Dans cette déclaration parvenue à notre rédaction et qualifiée de « plate-forme de résistance citoyenne », une vingtaine de structures de la société civile annonce la création d’un « front de résistance citoyenne contre la confiscation de la souveraineté de notre peuple à des fins monarchiques ». Les signataires qui se disent « conscients de leur devoir citoyen de défendre la constitution contre les faussaires de la démocratie » appellent les organisations de la société civile « désireuses d’apporter leur contribution dans cette lutte contre la remise en cause de nos acquis démocratiques » à les rejoindre.

Depuis la fin de la crise de 2011, les faussaires de la démocratie ont renoué avec leur tradition de manipulation politique et de duplicité.
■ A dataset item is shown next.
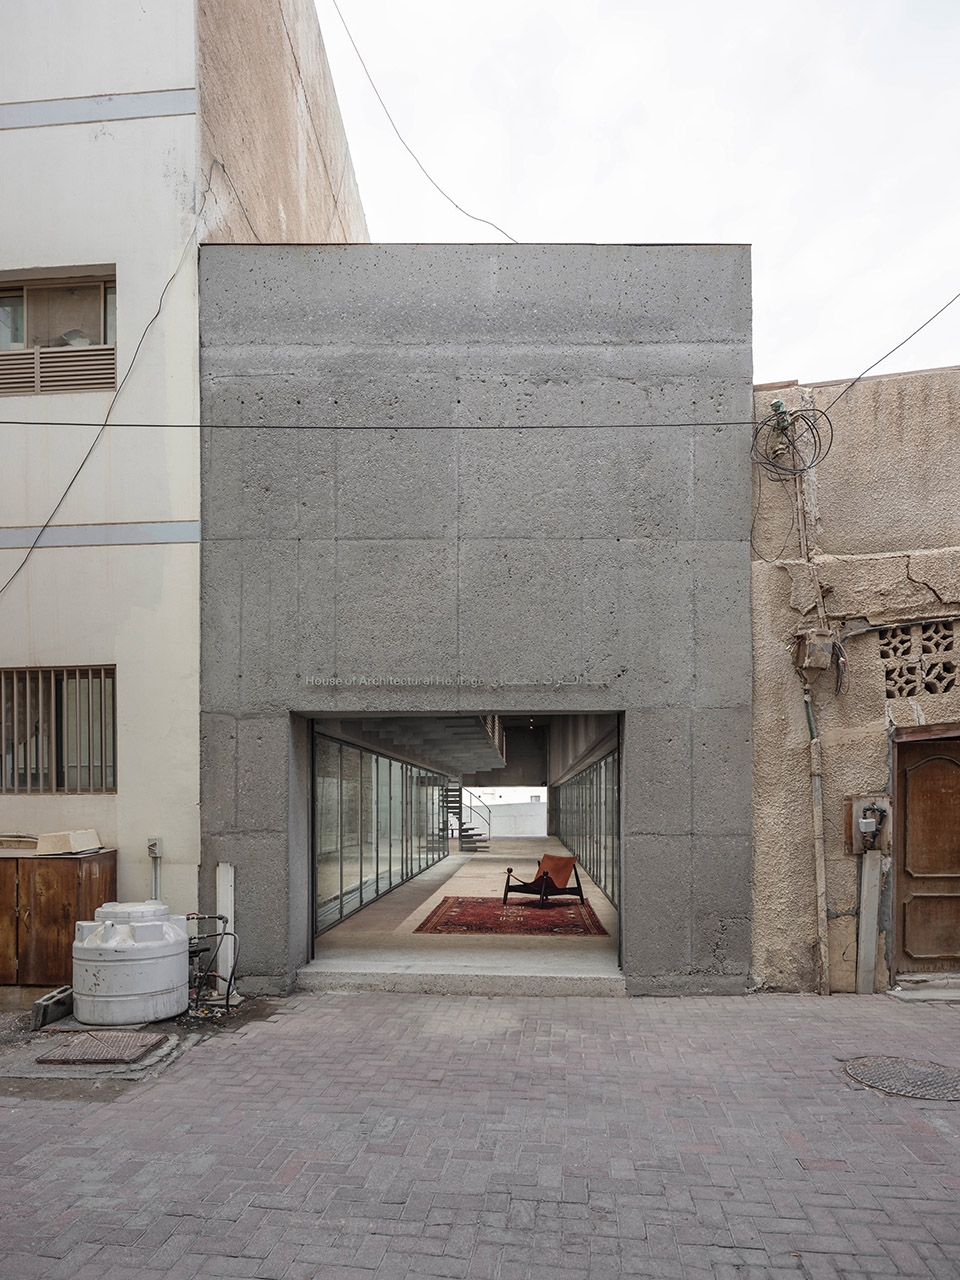 003-house-of-architectural-heritage-by-noura-al-sayeh-leopold-banchini-architects-960x1280.jpg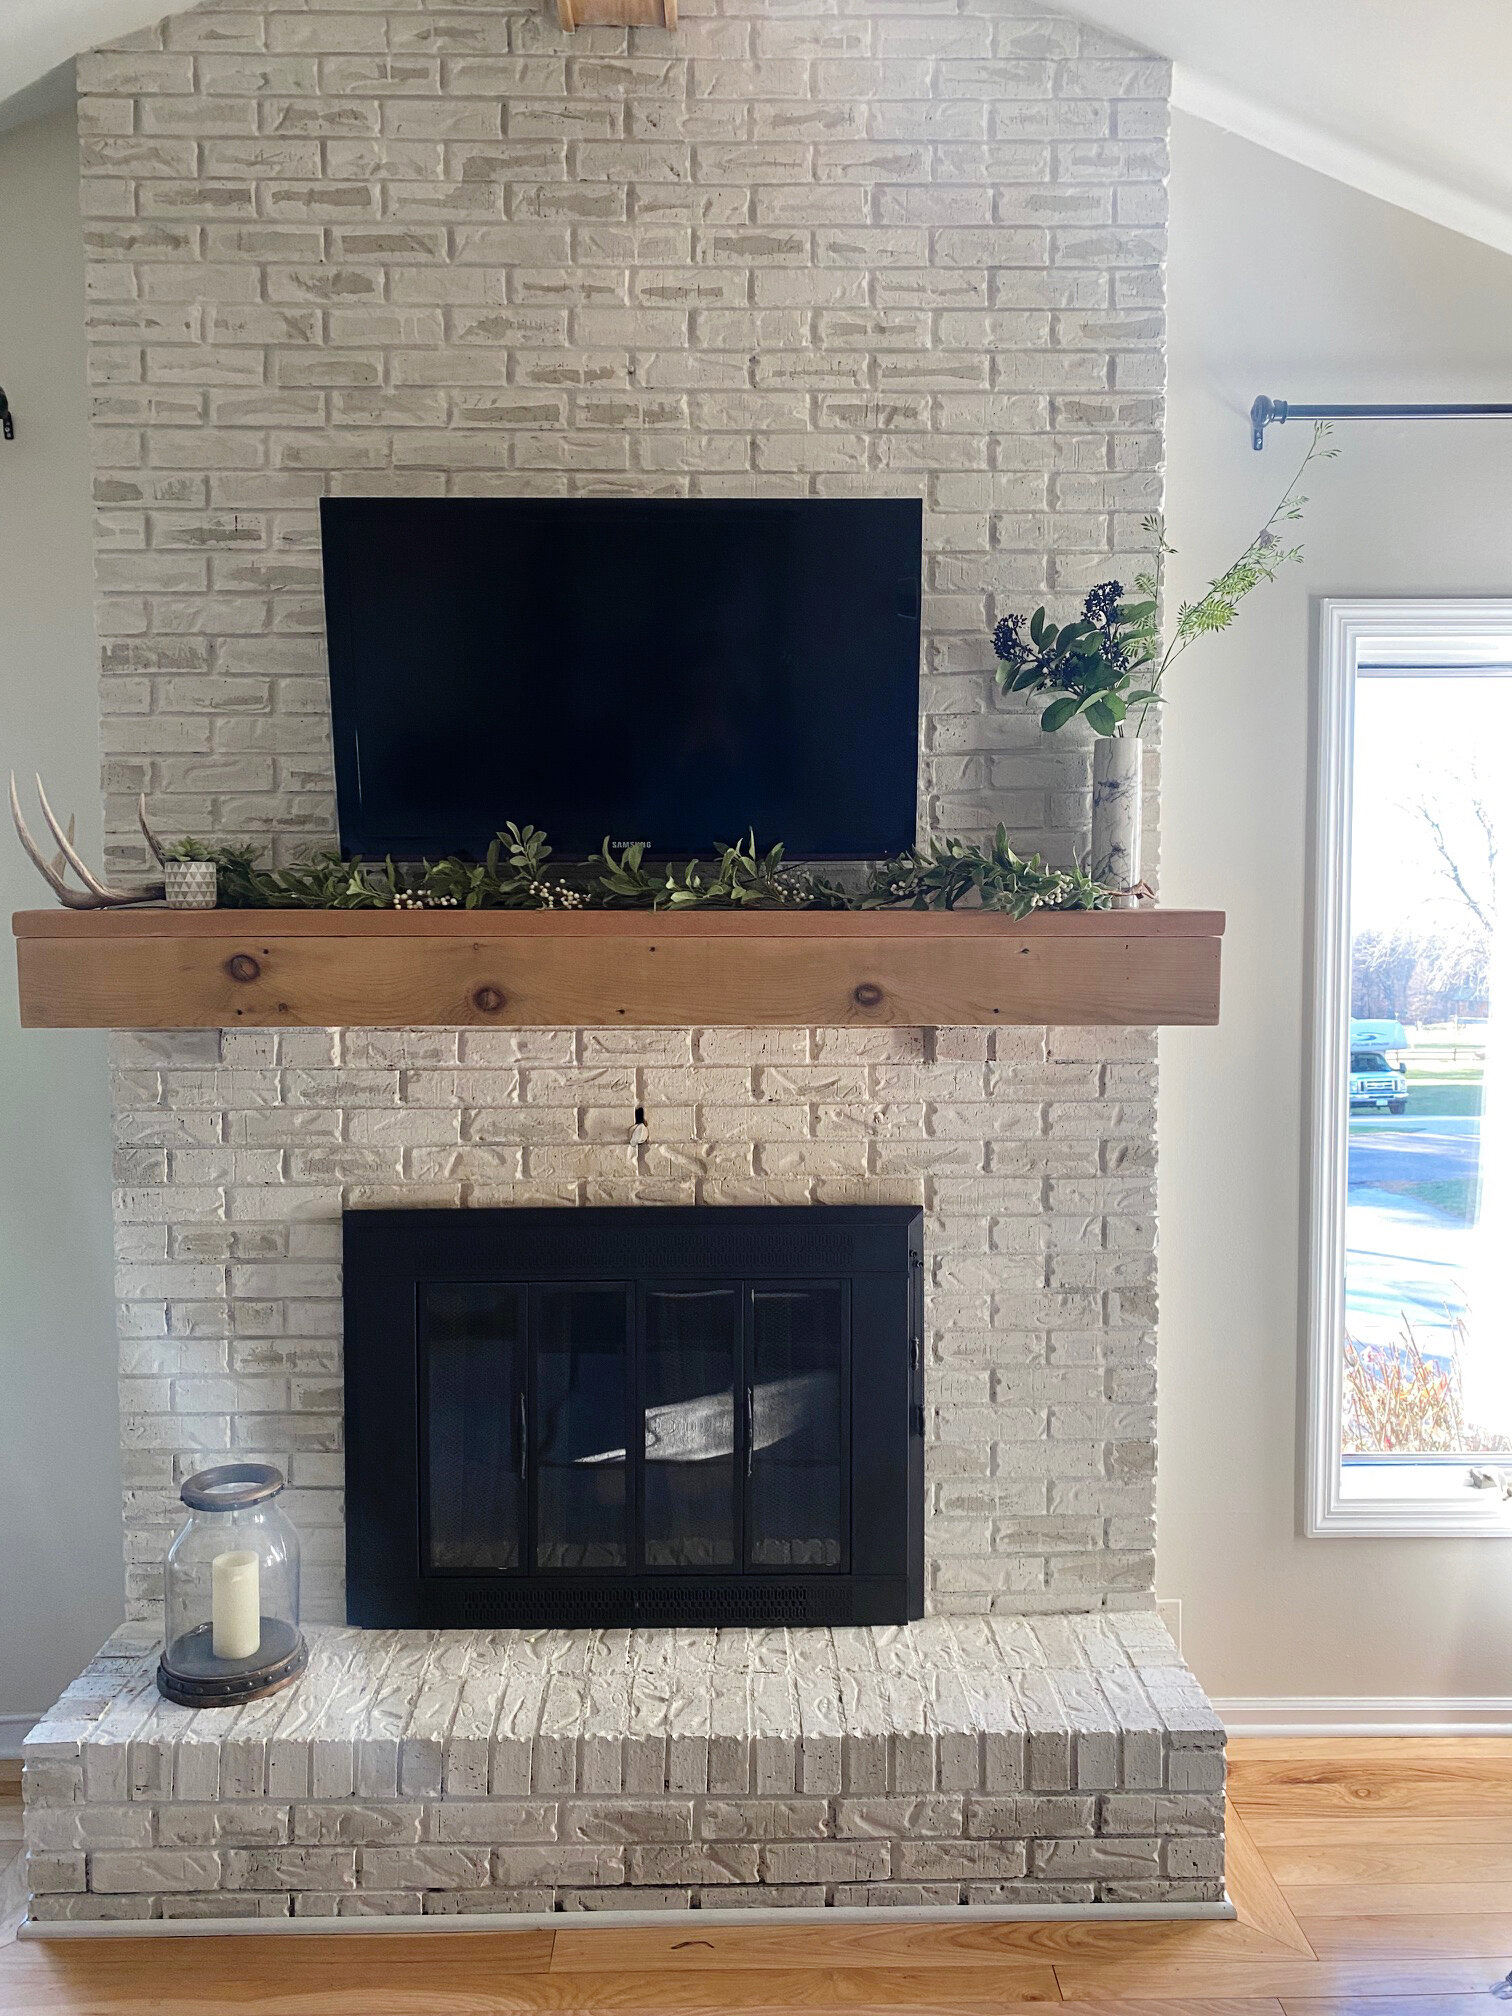 How To Mount A Tv Over Brick Fireplace, How To Hang A Tv Above Brick Fireplace

Sentant venir avec effroi la fin inéluctable d’une époque, ils ont décidé de ramer à contre-courant de l’histoire en usant de tous les artifices imaginables, notamment en mettant en place un Sénat, une institution largement décriée par la majorité des Burkinabè pour son caractère inutile et budgétivore. l Les résultats d’une enquête par sondage menée en décembre 2012 l’attestent.

Exploitant la vulnérabilité de plusieurs couches sociales de notre peuple, ils n’ont pas hésité à organiser une marche inutile dite pour la « paix, la démocratie et le développement » le 6 juillet 2013 ; eux qui, depuis 1987, ont réussi à classer le Burkina Faso au 183e rang sur 187 pays en matière de développement humain ; parmi donc les derniers au monde alors qu’il a eu l’avantage de ne connaitre ni guerre civile, ni catastrophe nationale de grande envergure.

Comment, dans ce contexte, ne pas s’indigner lorsqu’ils veulent donner des leçons de démocratie aux frais du contribuable en se payant le luxe d’un Sénat, après 22 ans de corruption électorale et de farce démocratique ? Lorsqu’en 2002, ils supprimaient la Chambre des représentants, les faussaires de la démocratie n’avaient pas hésité à marquer leur rejet total du bicaméralisme . Comment expliquer alors leur revirement spectaculaire dix ans après ? Quelle plus value peuvent avoir les chefs traditionnels dans un Sénat, eux qui sont déjà largement représentés à l’Assemblée nationale ? Quelle plus value auront les représentants officiels du Christianisme et de l’Islam dans un pays où les hommes politiques aiment afficher leur religiosité et où le pouvoir n’hésite pas à demander le secours des religieux à la moindre crise provoquée par ses propres turpitudes ? Quelle plus value auront les représentants des syndicats, du patronat, de la diaspora, des collectivités territoriales quand on sait que l’Assemblée nationale peut les auditionner « gratuitement » pour recueillir leurs précieux et sages conseils ? Quelle plus value aura finalement le Sénat quand on sait que les députés auront toujours le dernier mot sur les sénateurs à quelques exceptions près ?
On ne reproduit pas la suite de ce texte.